Photographs maybe t

Photographs maybe t

reality2k4

Registrant
I don't have so many photographs of me, but I remember my sister taking all the photographs, and leaving me with nothing to remember.

I don't know why she did it, but I got a shock, when I asked her to return a photo, which was the only real one where the family where together as one.

The eerie thing is, that she had cut me out of the photo, and returned it to me, just like she thought I did't exist, but this is it.

It is like my life never really did exist, maybe it is just a dream? I sometimes wish it was just a dream. I so much wish I could explain to her the hurt, but she hurt me so much by cutting me ou t of the photograph.

maybe it was because, I really wanted this photo of how life should have been, but she took my memories away, it was of a time when the family eas together, and it is as if she blames me for the breakdown of the family.

It just says to me how family cna be in so; m;uch denial as to do these things, and not see the hurt, but why? She still treats me as a child, she doesn't even realise the hurt.

To do that though, was teh most hurtful thing I can remember

M aybe it's all my fault?

dont know

ste
 
Ste
I just can't imagine how you feel about this, it seems such a deliberate attempt to drag you down further.

Maybe you have some other relatives that might have old pictures stuffed in old shoe boxes?

Dave
 
Ste, that is something that ranks in my top ten of cruelist things ever done to a person. It is clear that she has a problem. So I do not think it good for you to begin to think any of this is your fault.

You have been harmed enough--you might, just might want to copy the parts of our web site like What is SA and the Ten Myths and mail them to her. She may be ignorant of the amount of men harmed as boys and the depth of the harm done. But then, having cut that picture, I am not sure she could understand any of it.

I'm sorry this happened and your hurt comes through. We are a good group to share those hurts with--you are a part of a special group of men who are determined to help each other, and equallly determined to stop this damnable violation of boys.

Bob
 
Ste,

I am so sorry that she did that to you - it proves that she is a very disfunctional person

Know that you are not to blame - children do not tear families apart - that is a choice that grownups make - it is NEVER the childs fault - that your sister blames you is her problem (not yours) - you cannot change her - I would not even waste my effort trying - just know that YOU are NOT to blame for what happened in the family - take care of YOU and let her go her own way...

I am in great hopes that somehow, in some way, that another picture of the family will come to you somehow through another relative...

TJ jeff
 
It never ceases to amaze me that some people treat their own flesh and blood in ways they would never treat a stranger, or a dog.

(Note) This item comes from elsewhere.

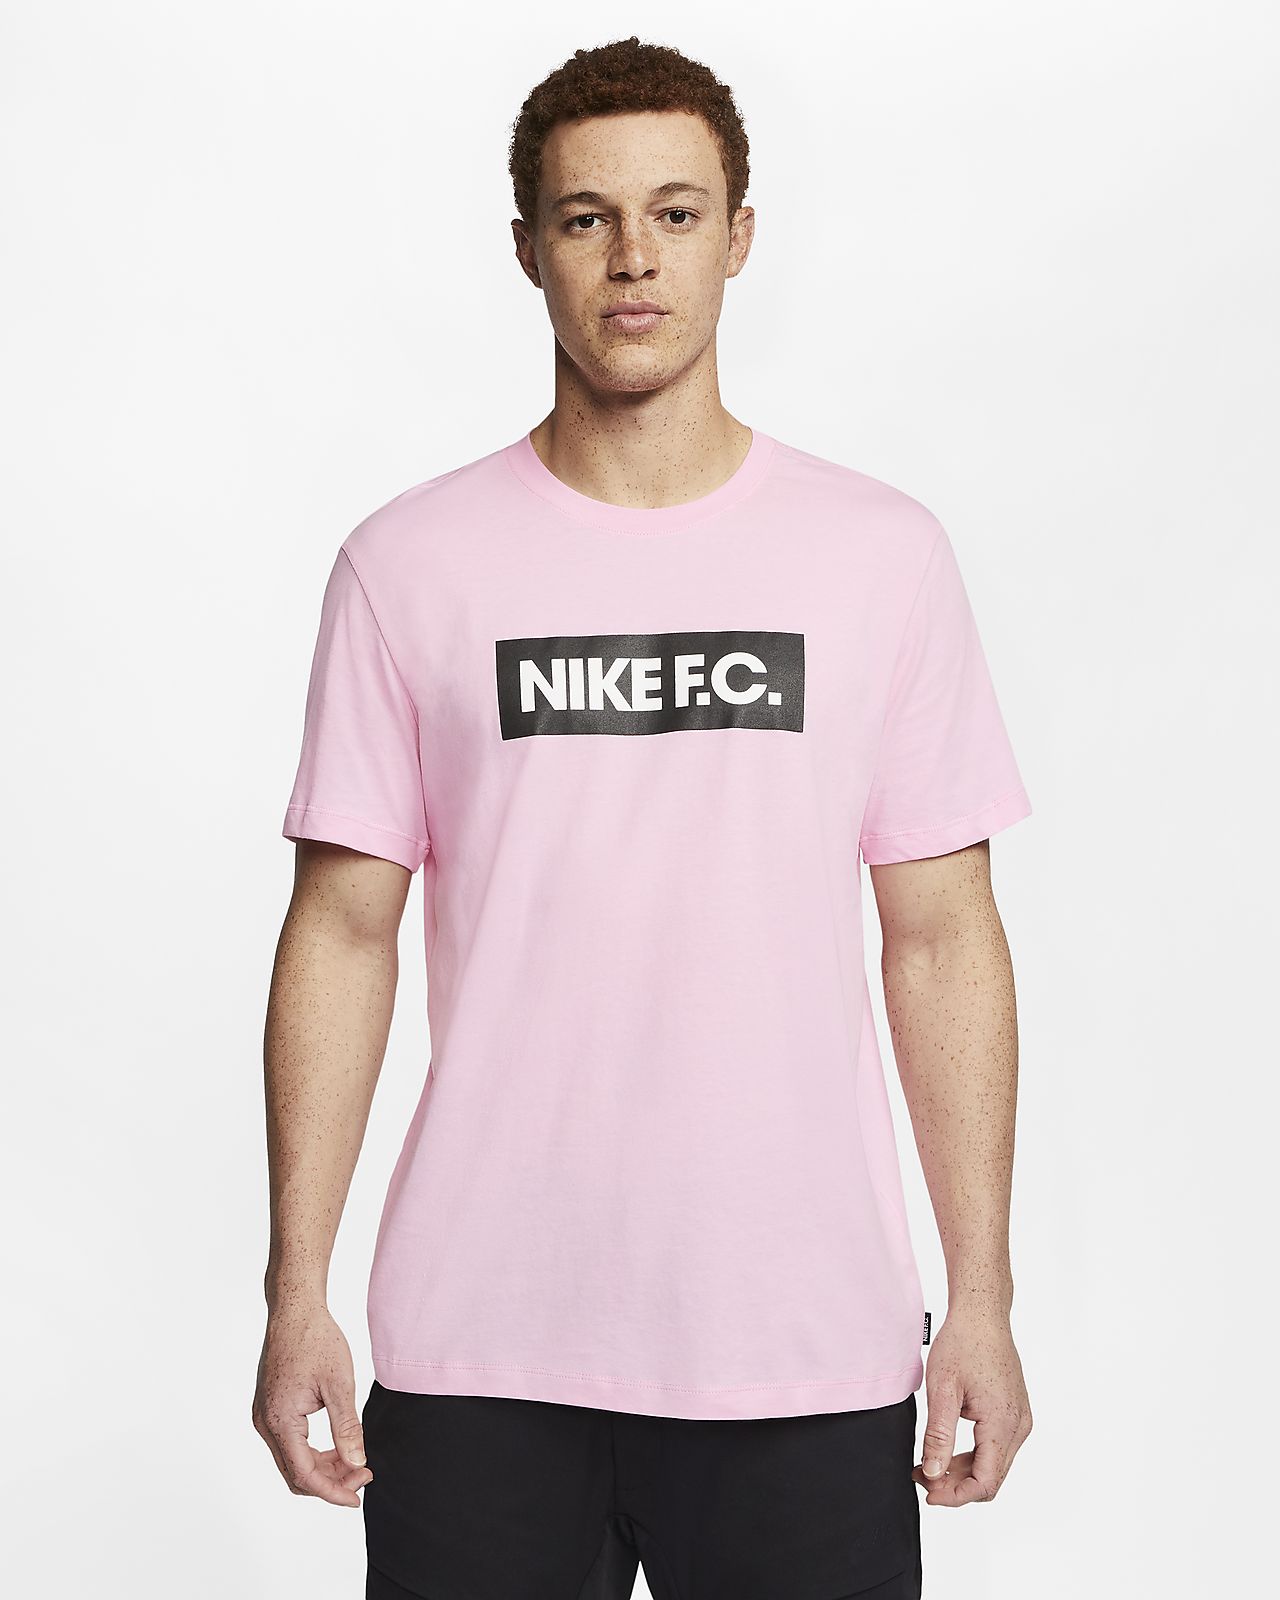 nike fc pink shirt
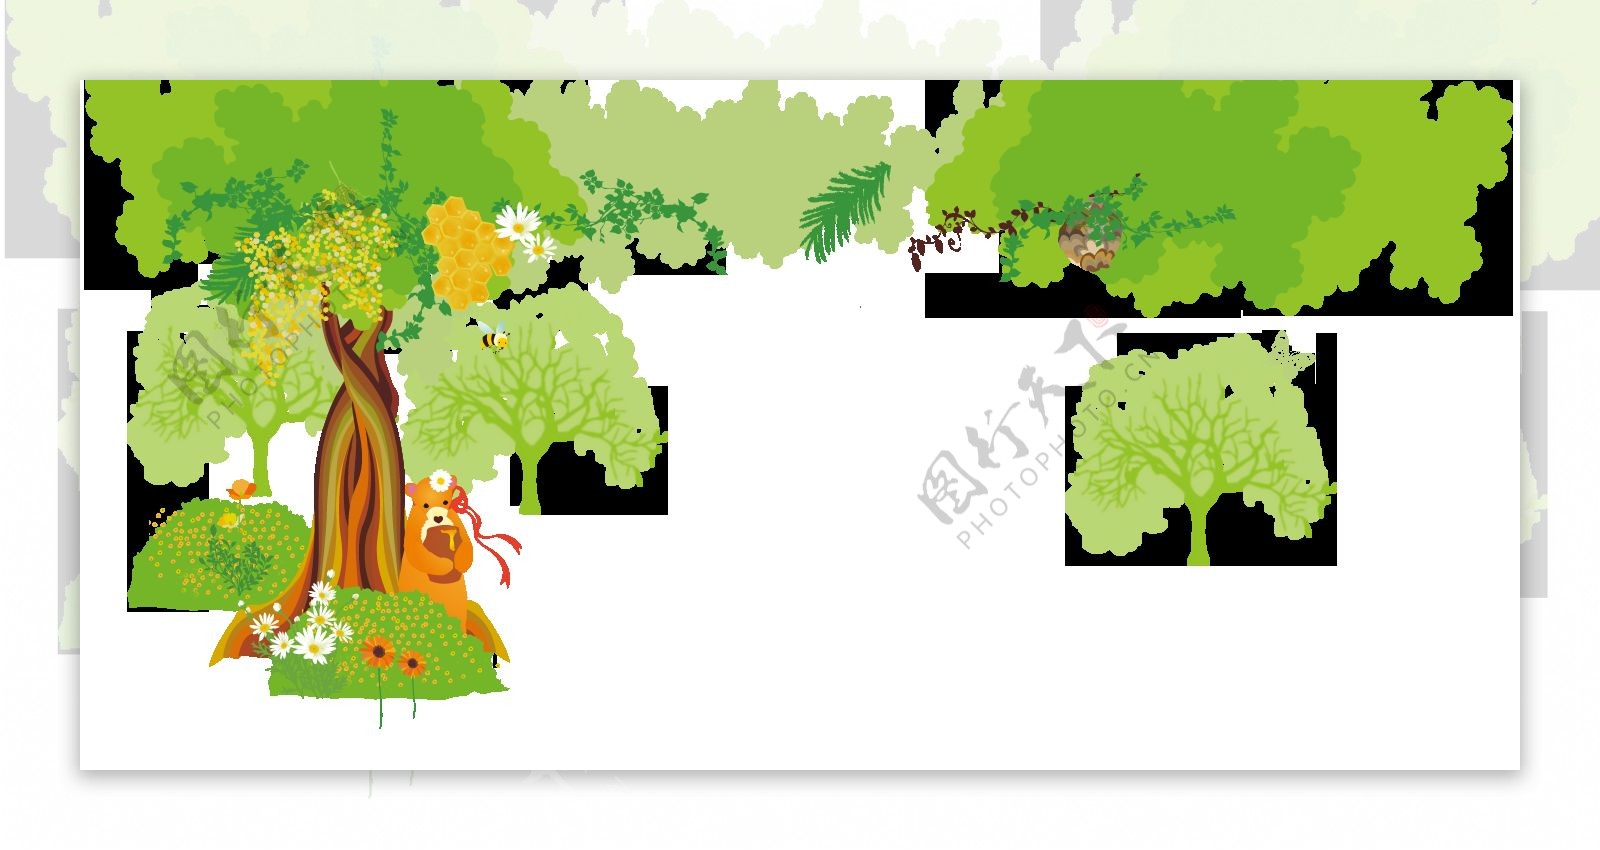 卡通绿色森林可爱熊抱蜂蜜罐png元素

It is often the case that the violations get worse as these people get older. They're bullies, they hold grudges for decades, and they twist the facts to suit their own egos.

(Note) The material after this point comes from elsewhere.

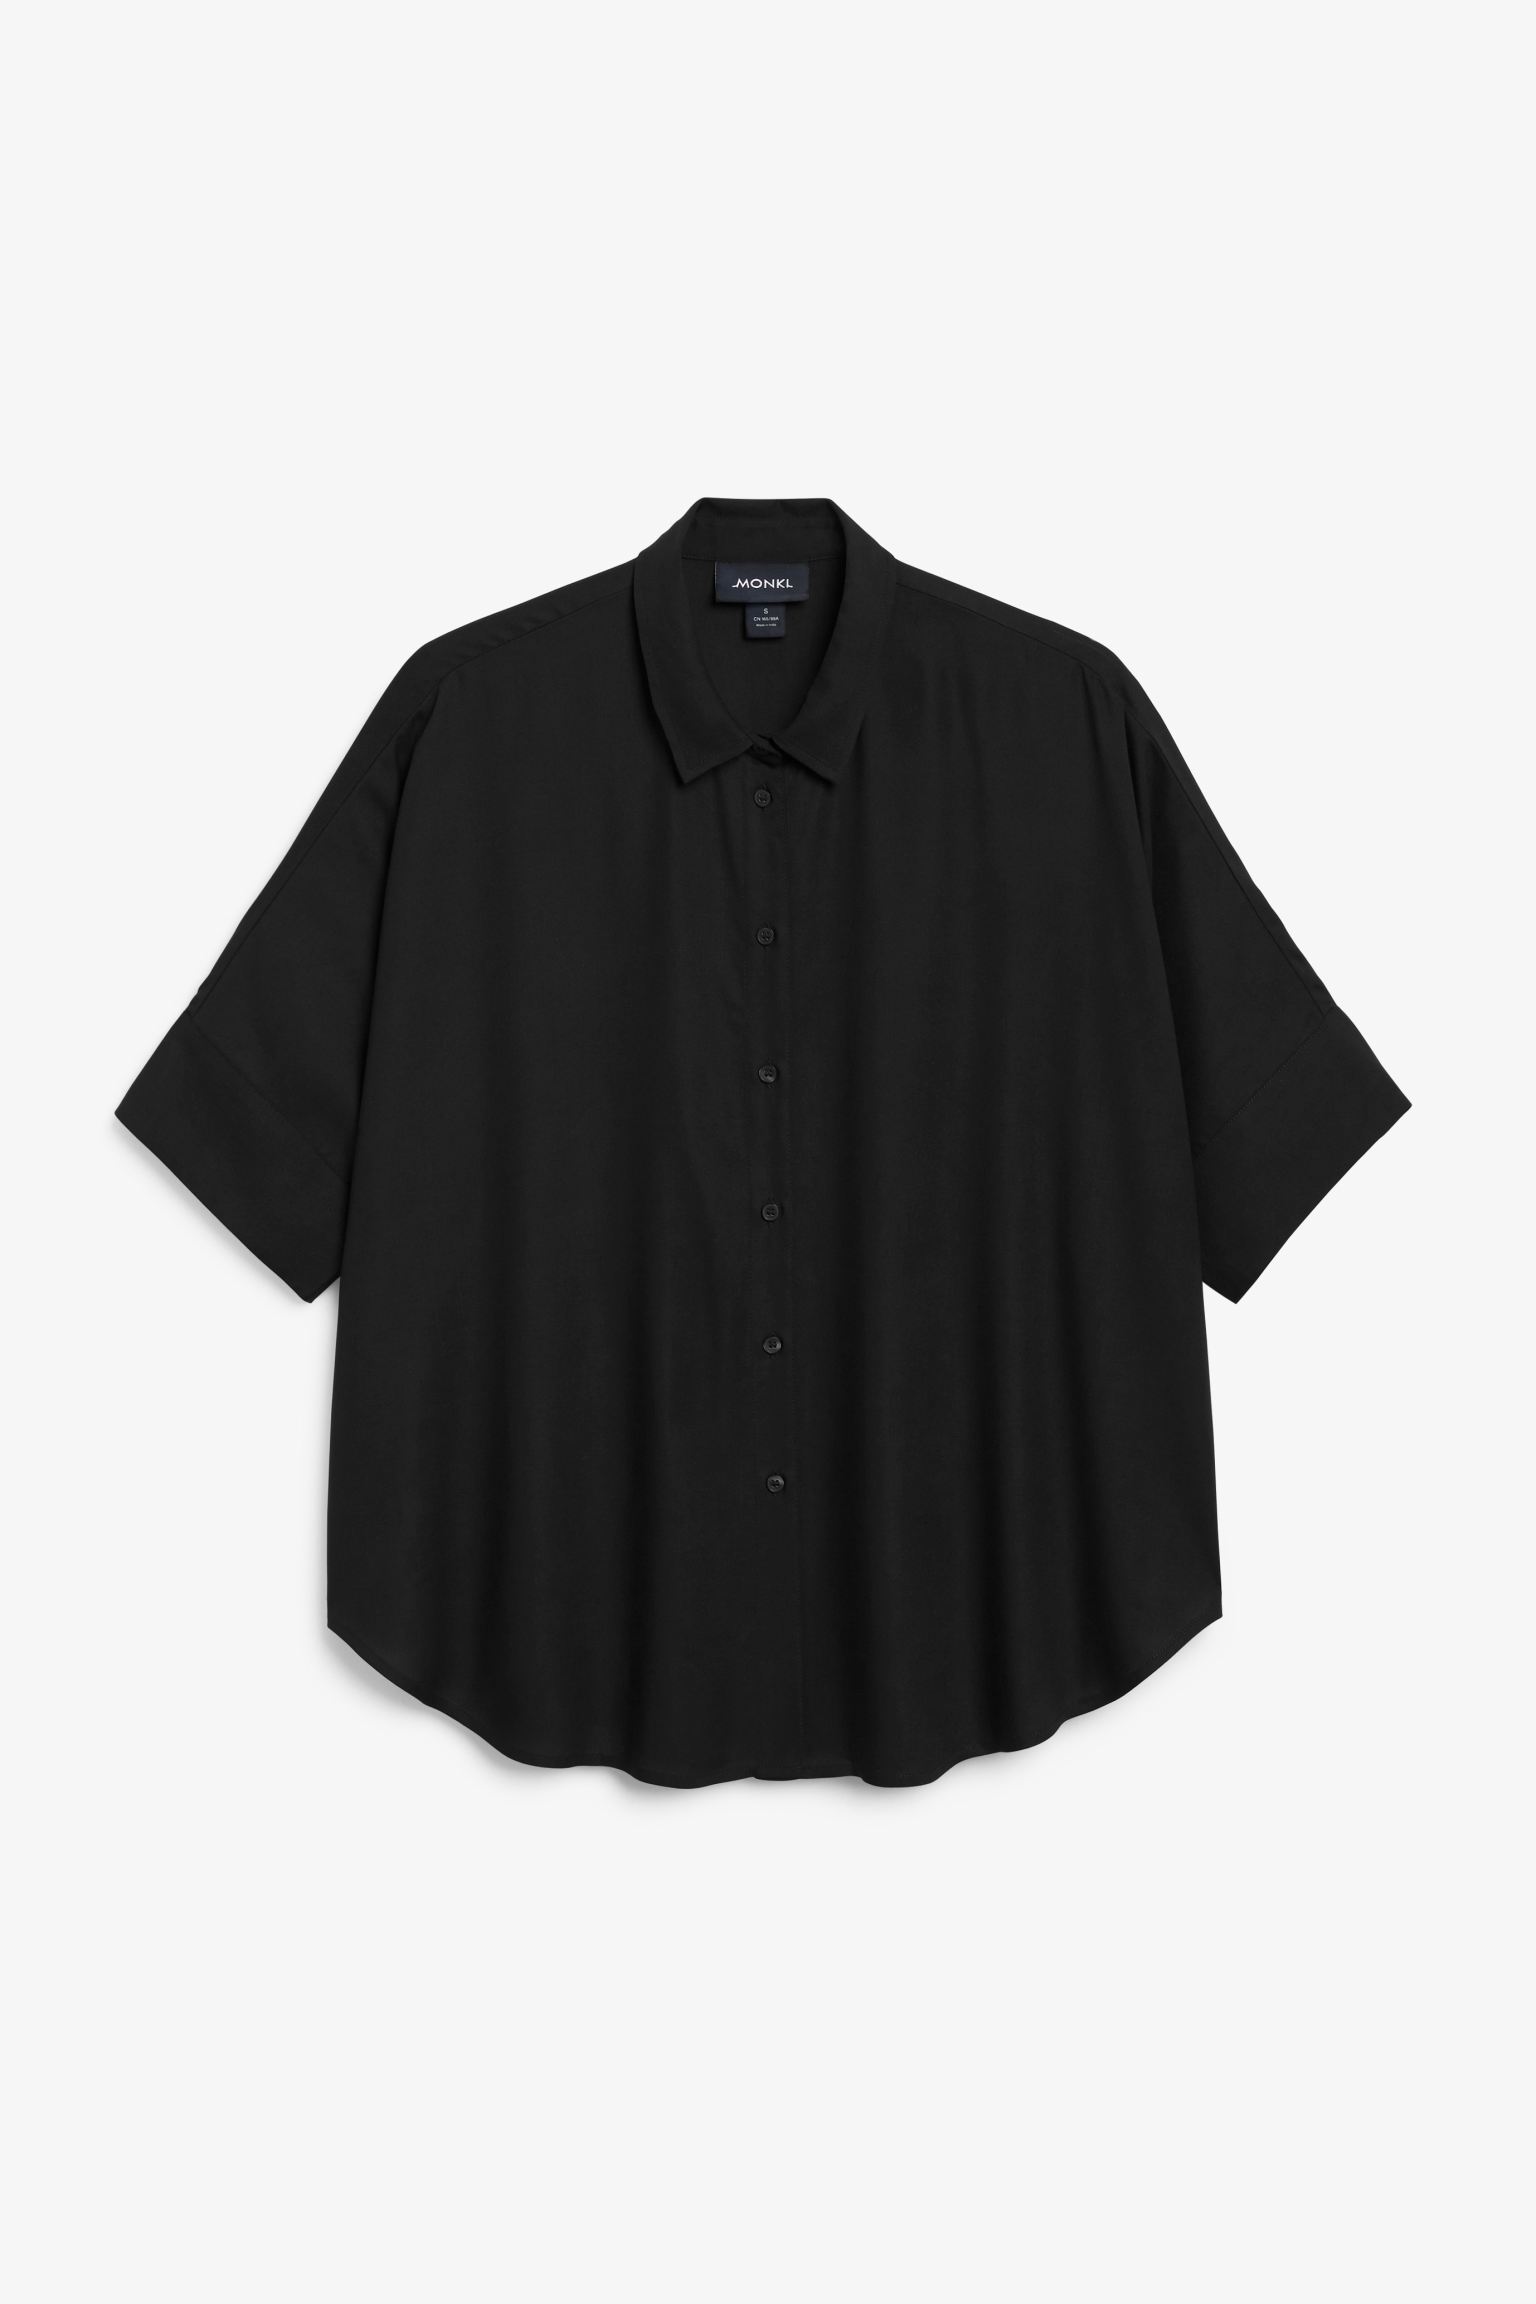 Рубашка женская Monki 937119001 черная L (доставка из-за рубежа)

I'd avoid this person if I could. If you have to deal with her, then let her know what you think of this. Demand an explanation.

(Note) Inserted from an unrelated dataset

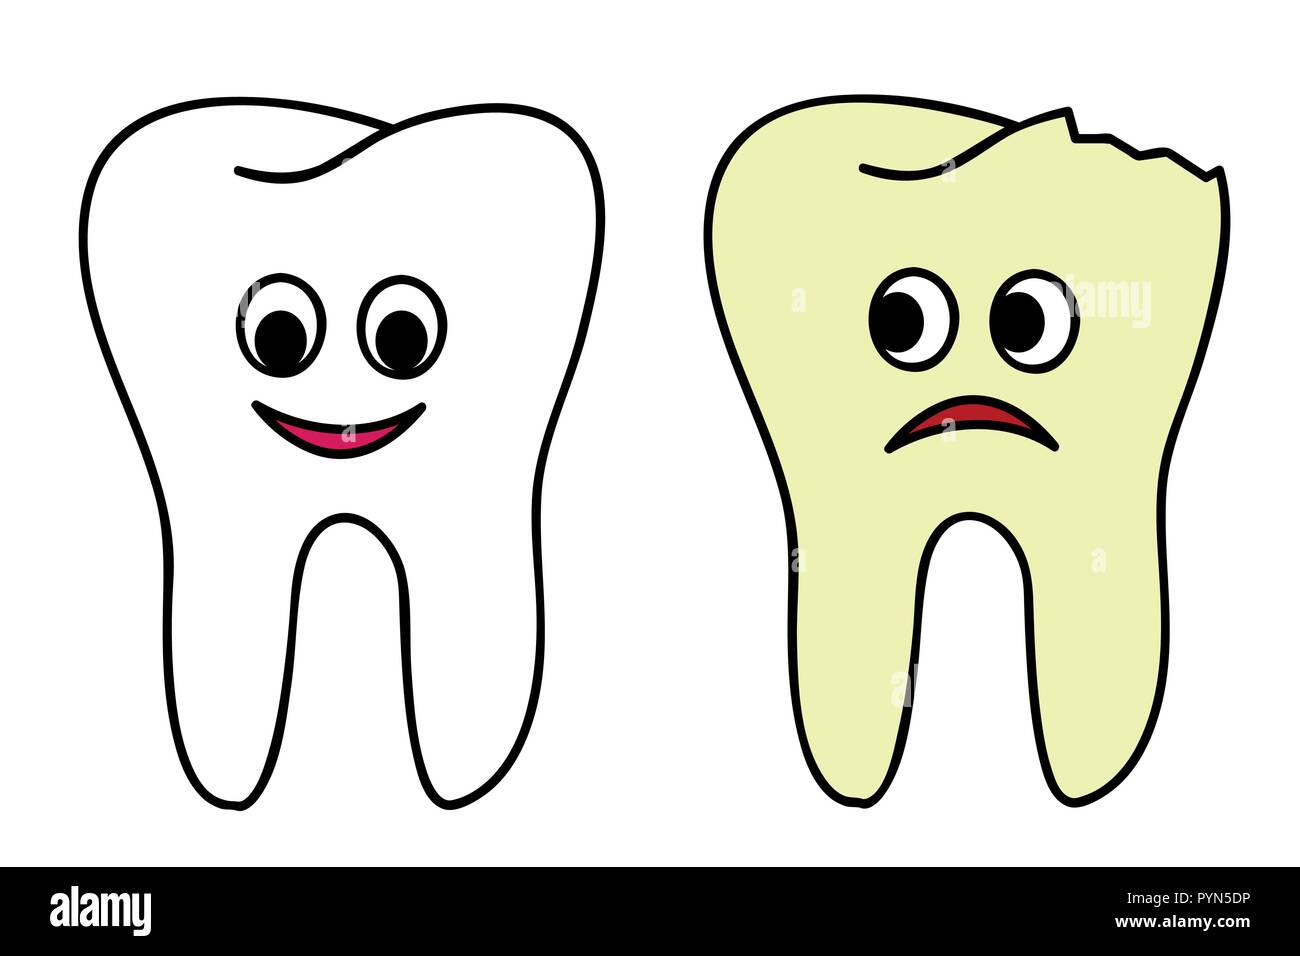 En bonne santé et dent cassée cartoon vector illustration EPS10 Illustration de Vecteur

The worst thing to do is to let anything go by. Tell her off, tell her to go to hell, tell her she sucks.

If you let it go by, she will think of you as a doormat, or less.

If you let it go by, she will eventually believe it never happened, or it didn't matter, or it's just "OLD NEWS", and "Why the hell didn't YOU say something when it happened?"

Oh, and she treats you like a child because emotionally she is a child, and probably has no idea how adults behave.
 
I think you have gotten some very good insight and advice here. I would agree, that she herself is very childish. I would add, perhaps you need to limit your communication with her more? She causes you pain, and you do not deserve more of that. I think part of self protection is purposely avoiding people who cause us pain. Try to protect yourself, and realize that her actions are about HER, not you. She is, I think, an immature idiot.